In this application, including the definitions below, the term “module” or the term “controller” may be replaced with the term “circuit.” The term “module” may refer to, be part of, or include: an Application Specific Integrated Circuit (ASIC); a digital, analog, or mixed analog/digital discrete circuit; a digital, analog, or mixed analog/digital integrated circuit; a combinational logic circuit; a field programmable gate array (FPGA); a processor circuit (shared, dedicated, or group) that executes code; a memory circuit (shared, dedicated, or group) that stores code executed by the processor circuit; other suitable hardware components that provide the described functionality; or a combination of some or all of the above, such as in a system-on-chip.

The module may include one or more interface circuits. In some examples, the interface circuits may include wired or wireless interfaces that are connected to a local area network (LAN), the Internet, a wide area network (WAN), or combinations thereof. The functionality of any given module of the present disclosure may be distributed among multiple modules that are connected via interface circuits. For example, multiple modules may allow load balancing. In a further example, a server (also known as remote, or cloud) module may accomplish some functionality on behalf of a client module.

The term code, as used above, may include software, firmware, and/or microcode, and may refer to programs, routines, functions, classes, data structures, and/or objects. The term shared processor circuit encompasses a single processor circuit that executes some or all code from multiple modules. The term group processor circuit encompasses a processor circuit that, in combination with additional processor circuits, executes some or all code from one or more modules. References to multiple processor circuits encompass multiple processor circuits on discrete dies, multiple processor circuits on a single die, multiple cores of a single processor circuit, multiple threads of a single processor circuit, or a combination of the above. The term shared memory circuit encompasses a single memory circuit that stores some or all code from multiple modules. The term group memory circuit encompasses a memory circuit that, in combination with additional memories, stores some or all code from one or more modules.

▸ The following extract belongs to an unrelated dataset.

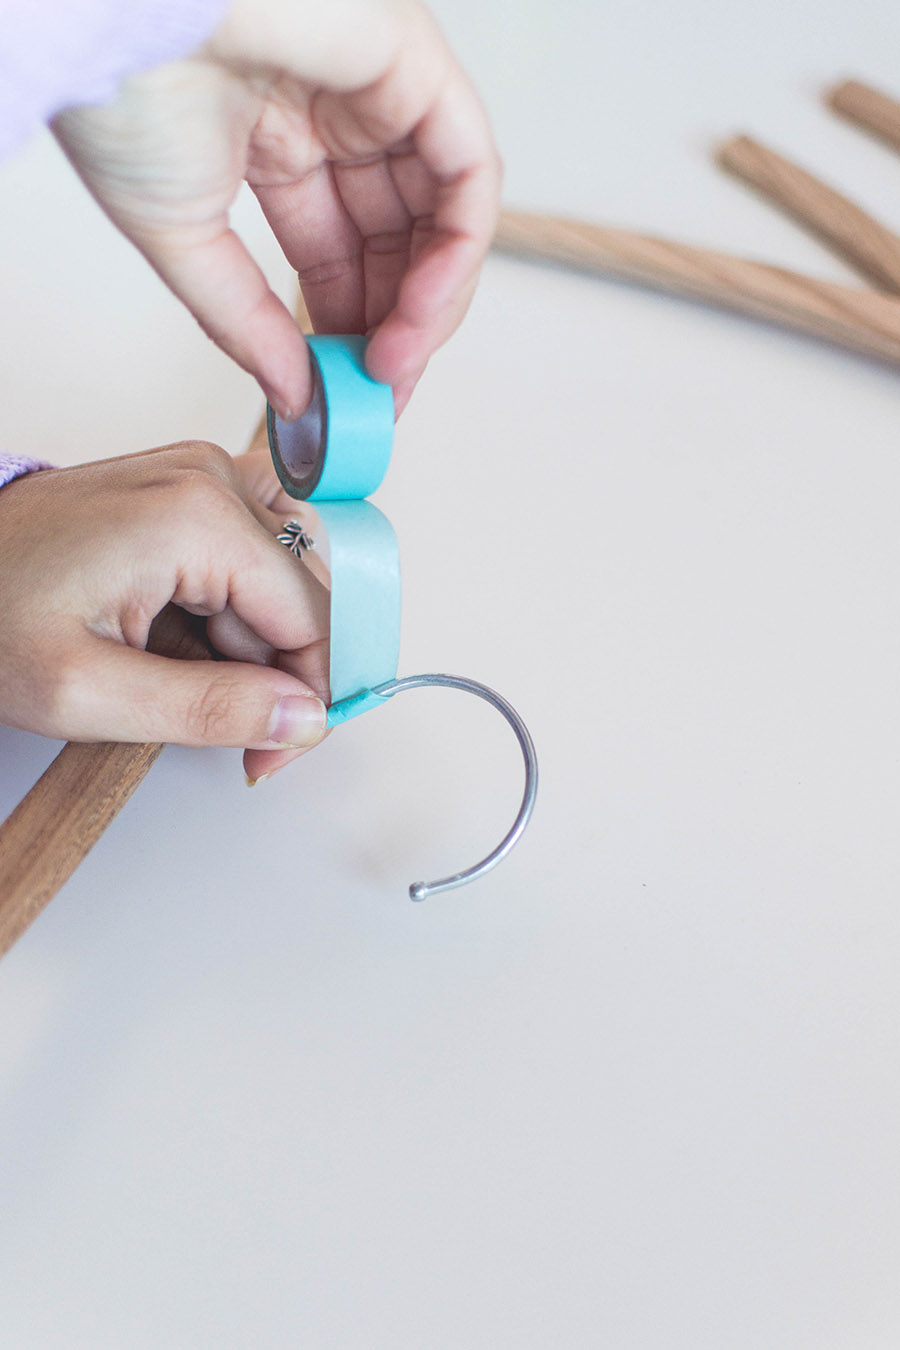 DIY rose gold hangers how-to: cover the hooks with washi tape

The term memory circuit is a subset of the term computer-readable medium. The term computer-readable medium, as used herein, does not encompass transitory electrical or electromagnetic signals propagating through a medium (such as on a carrier wave); the term computer-readable medium may therefore be considered tangible and non-transitory. Non-limiting examples of a non-transitory, tangible computer-readable medium are nonvolatile memory circuits (such as a flash memory circuit, an erasable programmable read-only memory circuit, or a mask read-only memory circuit), volatile memory circuits (such as a static random access memory circuit or a dynamic random access memory circuit), magnetic storage media (such as an analog or digital magnetic tape or a hard disk drive), and optical storage media (such as a CD, a DVD, or a Blu-ray Disc).

The apparatuses and methods described in this application may be partially or fully implemented by a special purpose computer created by configuring a general purpose computer to execute one or more particular functions embodied in computer programs. The functional blocks, flowchart components, and other elements described above serve as software specifications, which can be translated into the computer programs by the routine work of a skilled technician or programmer.

The computer programs include processor-executable instructions that are stored on at least one non-transitory, tangible computer-readable medium. The computer programs may also include or rely on stored data. The computer programs may encompass a basic input/output system (BIOS) that interacts with hardware of the special purpose computer, device drivers that interact with particular devices of the special purpose computer, one or more operating systems, user applications, background services, background applications, etc.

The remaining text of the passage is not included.